_Required action_
Once the images are set aside, output the listing exactly as it stands.

_Data provided_
▬▬▬▬▬▬▬▬▬▬

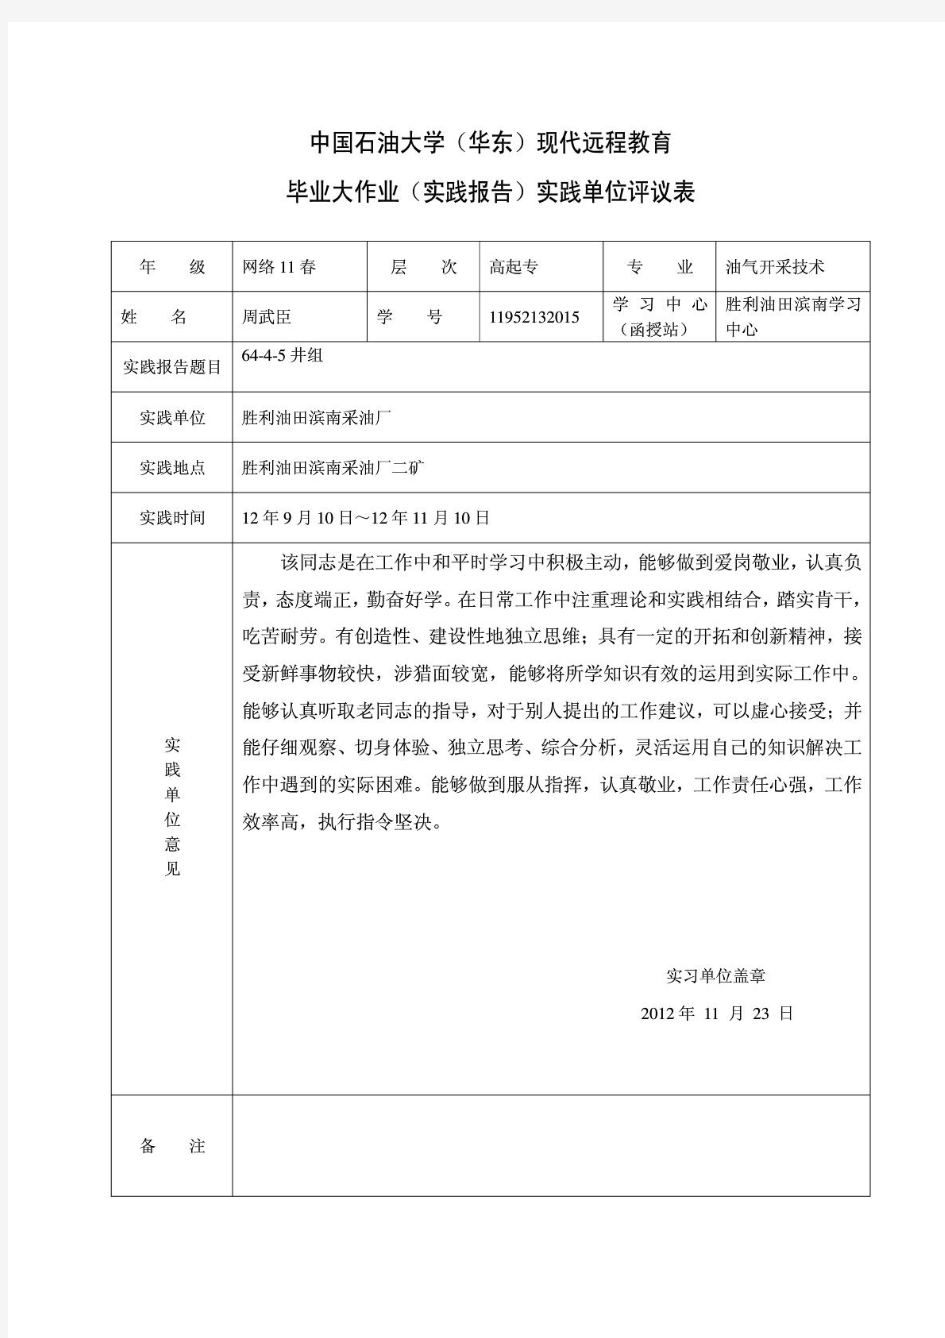 中国石油大学(华东)现代远程教育毕业大作业(实践报告)
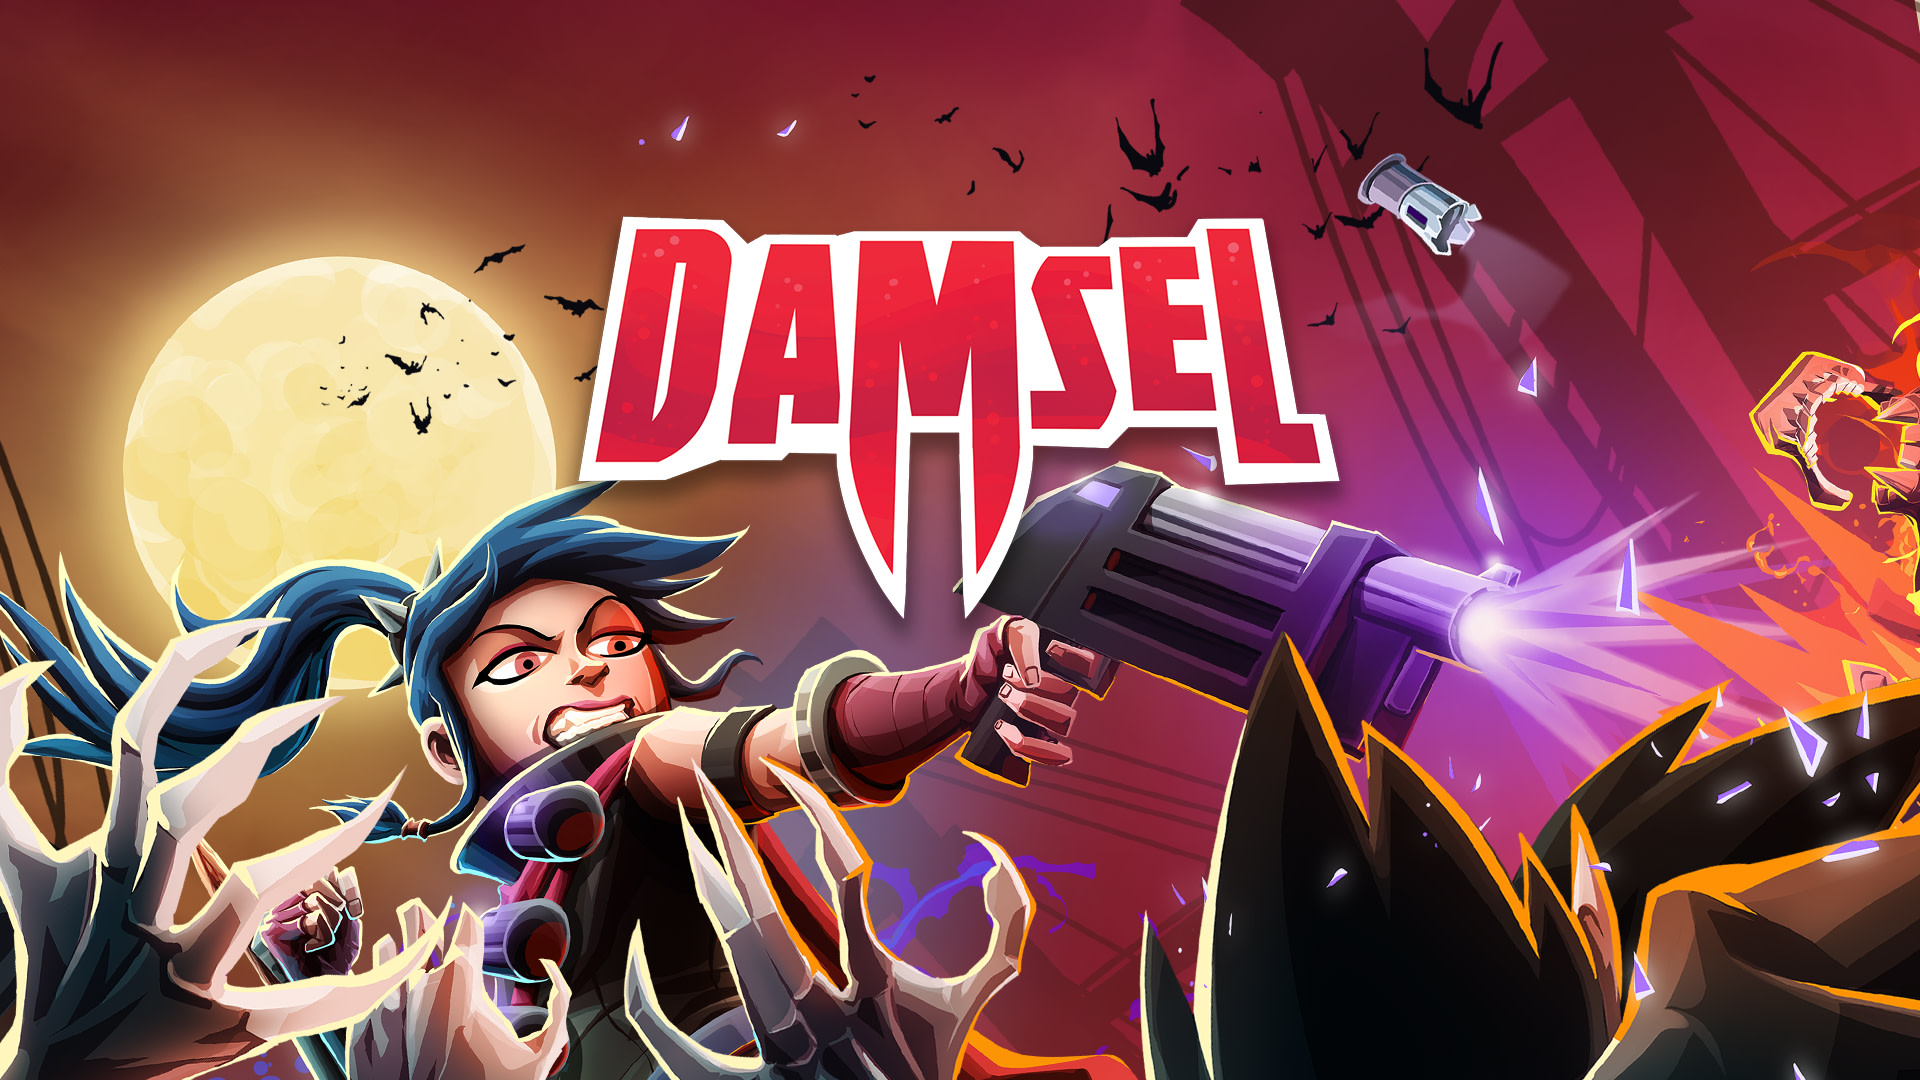 Damsel 
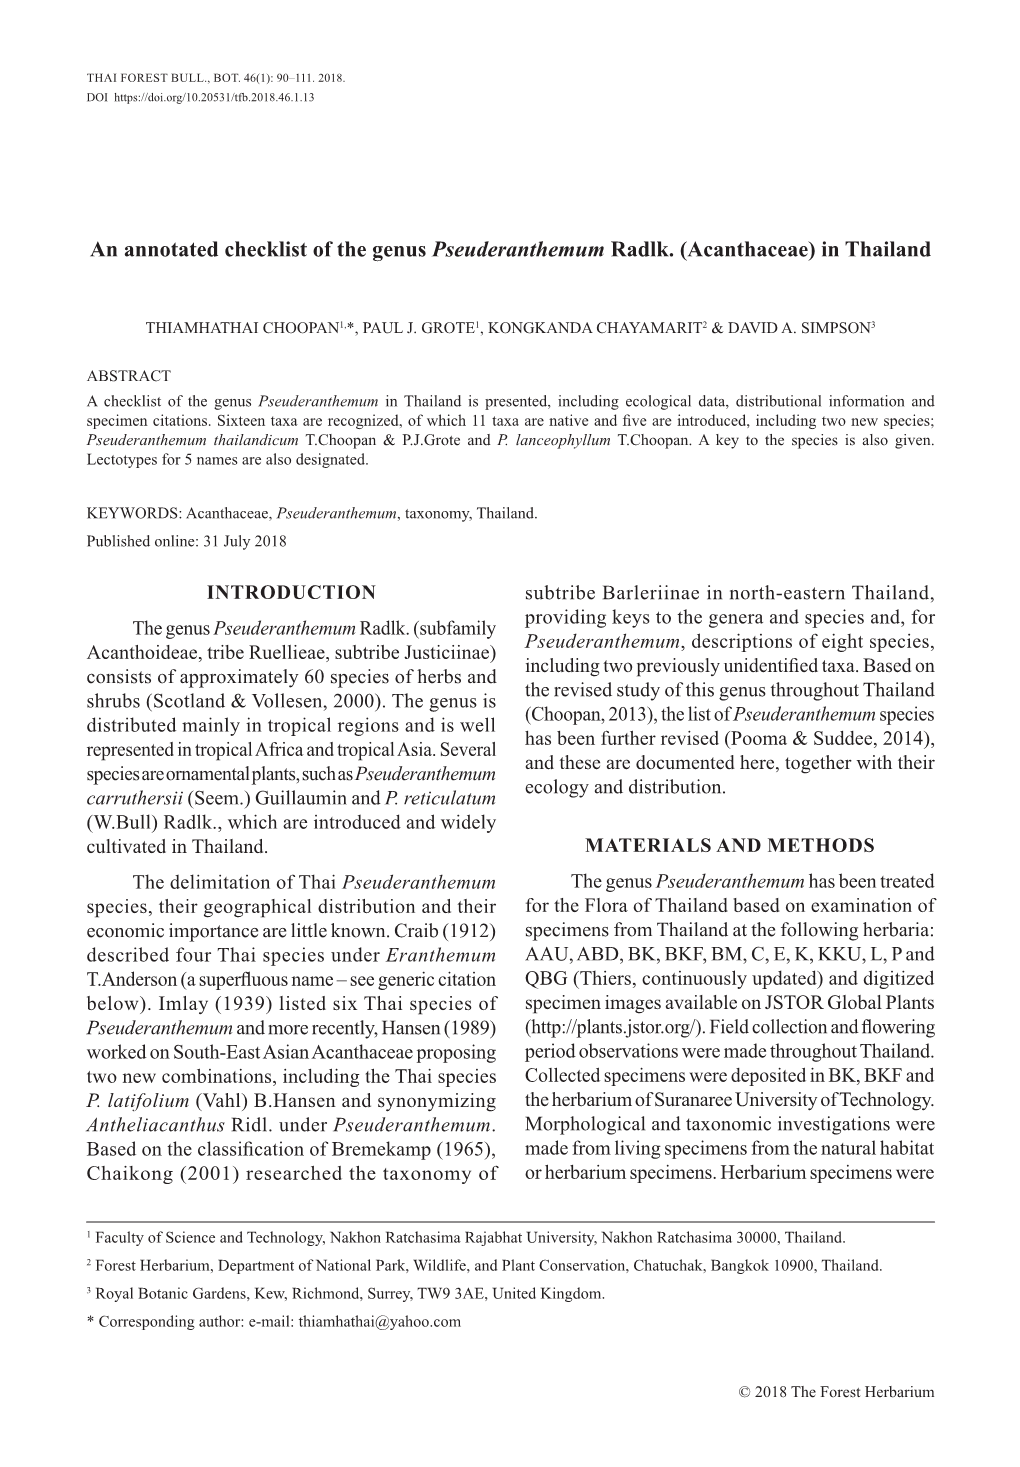 An Annotated Checklist of the Genus Pseuderanthemum Radlk. (Acanthaceae) in Thailand

▬▬▬▬▬▬▬▬▬▬

_Exercise result_
 中国石油大学(华东)现代远程教育毕业大作业(实践报告)
 Damsel 
 An Annotated Checklist of the Genus Pseuderanthemum Radlk. (Acanthaceae) in Thailand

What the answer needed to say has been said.